Task statement.
For every line in the material below that holds "inside", report the line.
-- Opening Marker --
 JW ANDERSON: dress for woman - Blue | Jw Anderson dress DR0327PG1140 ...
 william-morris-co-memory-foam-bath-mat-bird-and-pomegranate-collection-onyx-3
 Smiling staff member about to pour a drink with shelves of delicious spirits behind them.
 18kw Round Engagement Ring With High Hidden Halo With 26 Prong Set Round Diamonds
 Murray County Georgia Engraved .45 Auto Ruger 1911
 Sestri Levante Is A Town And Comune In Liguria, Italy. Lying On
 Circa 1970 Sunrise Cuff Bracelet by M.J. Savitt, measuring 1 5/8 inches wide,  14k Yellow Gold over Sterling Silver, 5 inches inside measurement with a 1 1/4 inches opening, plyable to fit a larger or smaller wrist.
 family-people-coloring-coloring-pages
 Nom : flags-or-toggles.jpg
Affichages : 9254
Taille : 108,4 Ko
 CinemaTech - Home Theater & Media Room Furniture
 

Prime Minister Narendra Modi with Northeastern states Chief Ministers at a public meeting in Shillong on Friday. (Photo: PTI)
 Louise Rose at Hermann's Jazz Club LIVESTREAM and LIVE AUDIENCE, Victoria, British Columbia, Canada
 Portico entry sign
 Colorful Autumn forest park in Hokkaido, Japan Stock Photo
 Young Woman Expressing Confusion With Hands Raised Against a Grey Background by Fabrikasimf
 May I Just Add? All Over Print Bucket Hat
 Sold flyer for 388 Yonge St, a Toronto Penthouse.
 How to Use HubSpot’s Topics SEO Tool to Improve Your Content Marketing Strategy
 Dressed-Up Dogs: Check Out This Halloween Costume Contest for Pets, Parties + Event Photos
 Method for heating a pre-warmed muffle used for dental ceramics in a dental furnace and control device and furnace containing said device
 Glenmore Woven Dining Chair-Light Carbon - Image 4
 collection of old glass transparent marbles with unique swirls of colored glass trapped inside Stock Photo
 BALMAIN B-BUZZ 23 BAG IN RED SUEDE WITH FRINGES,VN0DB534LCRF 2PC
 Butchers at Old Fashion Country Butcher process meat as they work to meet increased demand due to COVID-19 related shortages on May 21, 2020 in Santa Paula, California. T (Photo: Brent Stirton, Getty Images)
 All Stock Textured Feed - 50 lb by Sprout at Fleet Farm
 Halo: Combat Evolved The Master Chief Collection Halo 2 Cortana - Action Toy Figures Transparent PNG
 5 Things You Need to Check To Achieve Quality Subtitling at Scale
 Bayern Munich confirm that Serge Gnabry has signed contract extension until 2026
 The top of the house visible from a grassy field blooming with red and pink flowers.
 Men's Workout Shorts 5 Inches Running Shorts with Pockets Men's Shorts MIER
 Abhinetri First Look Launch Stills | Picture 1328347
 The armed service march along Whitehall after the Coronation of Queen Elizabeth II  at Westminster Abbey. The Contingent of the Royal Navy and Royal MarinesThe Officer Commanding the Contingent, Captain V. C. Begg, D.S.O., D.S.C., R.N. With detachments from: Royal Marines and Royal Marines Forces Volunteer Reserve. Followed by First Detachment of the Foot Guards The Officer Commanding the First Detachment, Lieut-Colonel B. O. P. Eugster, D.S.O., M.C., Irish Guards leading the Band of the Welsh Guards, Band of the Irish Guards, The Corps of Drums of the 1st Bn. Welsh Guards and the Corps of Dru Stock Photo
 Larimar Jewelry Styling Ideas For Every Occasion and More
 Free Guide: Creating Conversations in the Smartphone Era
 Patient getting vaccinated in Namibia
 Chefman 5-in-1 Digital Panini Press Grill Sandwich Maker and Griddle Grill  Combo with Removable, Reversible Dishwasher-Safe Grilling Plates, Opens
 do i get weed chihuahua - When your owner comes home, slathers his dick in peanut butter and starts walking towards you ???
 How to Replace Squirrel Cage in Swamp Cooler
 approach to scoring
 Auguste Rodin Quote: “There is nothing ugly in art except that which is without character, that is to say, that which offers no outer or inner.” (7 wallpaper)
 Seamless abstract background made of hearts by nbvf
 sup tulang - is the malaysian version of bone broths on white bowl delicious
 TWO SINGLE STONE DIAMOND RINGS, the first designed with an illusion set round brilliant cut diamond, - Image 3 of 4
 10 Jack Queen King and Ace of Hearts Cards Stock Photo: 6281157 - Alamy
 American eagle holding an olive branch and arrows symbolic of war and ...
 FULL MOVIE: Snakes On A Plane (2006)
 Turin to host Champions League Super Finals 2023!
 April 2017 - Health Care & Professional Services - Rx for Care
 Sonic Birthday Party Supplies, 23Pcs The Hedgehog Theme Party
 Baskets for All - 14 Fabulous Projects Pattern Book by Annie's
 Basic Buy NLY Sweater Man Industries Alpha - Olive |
-- Closing Marker --
Written reply.
 Circa 1970 Sunrise Cuff Bracelet by M.J. Savitt, measuring 1 5/8 inches wide,  14k Yellow Gold over Sterling Silver, 5 inches inside measurement with a 1 1/4 inches opening, plyable to fit a larger or smaller wrist.
 collection of old glass transparent marbles with unique swirls of colored glass trapped inside Stock Photo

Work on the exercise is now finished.